Vincent Yao appeared on Sveriges Radio to discuss Taiwan-Somaliland relations, Hong Kong security law

Taiwan’s Representative to Sweden Vincent Yao (姚金祥) accepted an exclusive interview with Radio Sweden to discuss the establishment of representative offices between Taiwan and Somaliland and the impact of Beijing’s new national security law on Hong Kong.

On Wednesday (Aug. 19), Yao gave an interview on Sveriges Radio, stating that Taiwan is actively expanding its presence in Africa, and after several consultations with Somaliland, the two nations decided to mutually set up representative offices. Yao stated that eight other countries, the EU, as well as a number of international organizations, have set up official representative offices in Somaliland, CNA reported.

He added that the East African country also has representative offices in 22 countries, including Sweden.

Yao emphasized that Somaliland’s location is strategically important and that cooperation between the two countries in agriculture, fishing, energy, mining, and information and communications is bound to expand.

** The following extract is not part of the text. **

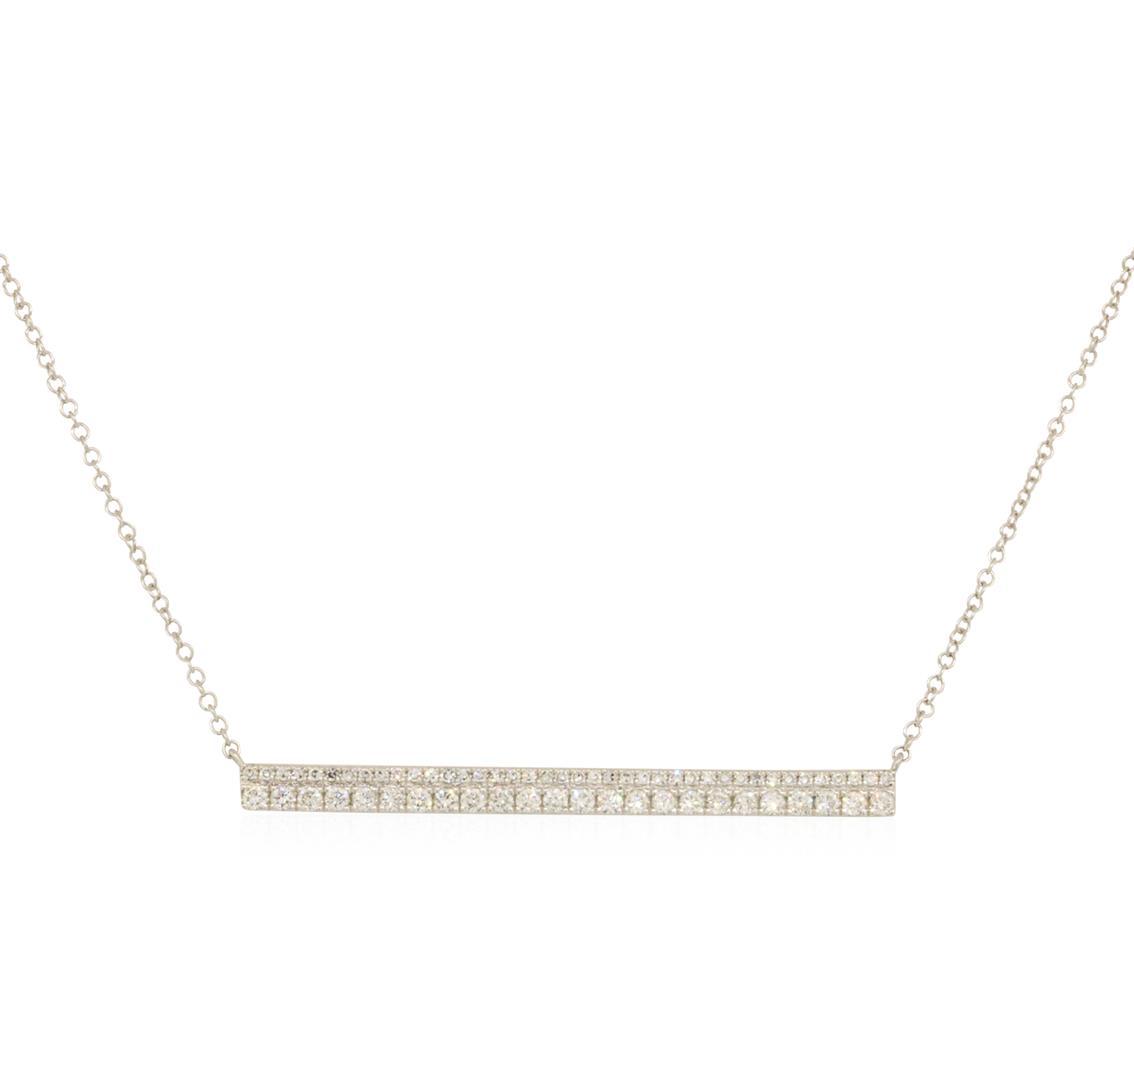 0.3 ctw Diamond Necklace - 14KT White Gold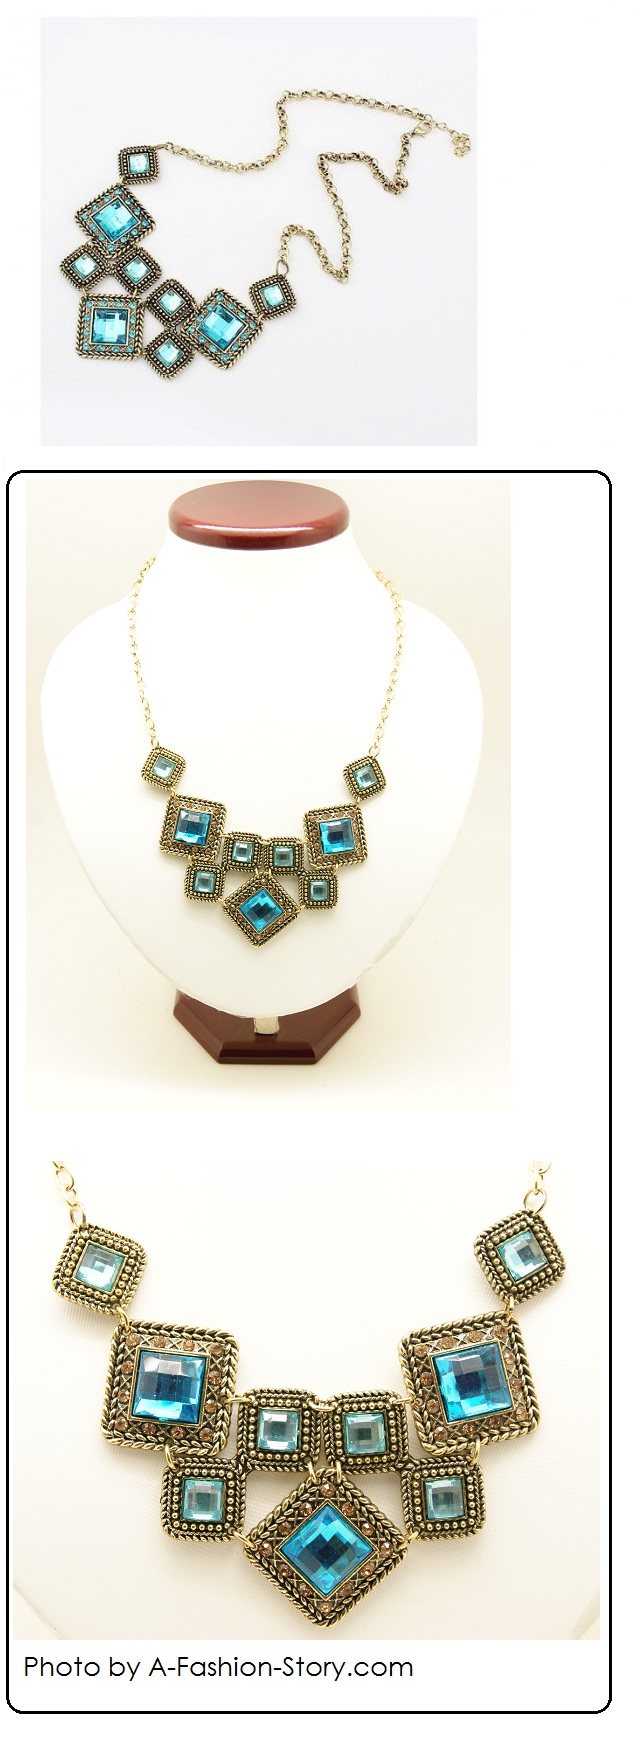 P90234 Blue beads elegance accessories short necklace brunei

When asked whether Taiwan might become the next target of the Hong Kong National Security Act, Yao said that the nation is different from Hong Kong, as it has never been under Chinese Communist Party (CCP) rule. Moreover, he said that the people in Taiwan have a good understanding of the nature of the CCP and do not believe or accept the “one country, two systems” framework.

Yao pointed out that the Hong Kong National Security Law applies to all countries, and the goal is to sever Hong Kong’s connection with the world. Taiwan hopes that the international community can condemn this law and support Hong Kong’s democracy and freedom.

Swedish Sinologist Torbjorn Loden, who was also invited on the program, said that the more negative China’s international image becomes, the more likely Beijing will engage in a diplomatic battle with Taipei.

The content of the Hong Kong National Security Law exposes the CCP’s ambitions and scares the “truth-tellers,” making him fearful of the situation in the formerly autonomous territory.

Radio Sweden, established in 1925, is Sweden’s most important public radio station. Yao’s appearance on the radio program is the first time that Taiwan’s representative in Sweden has been invited for an interview on such a significant outlet in Swedish media.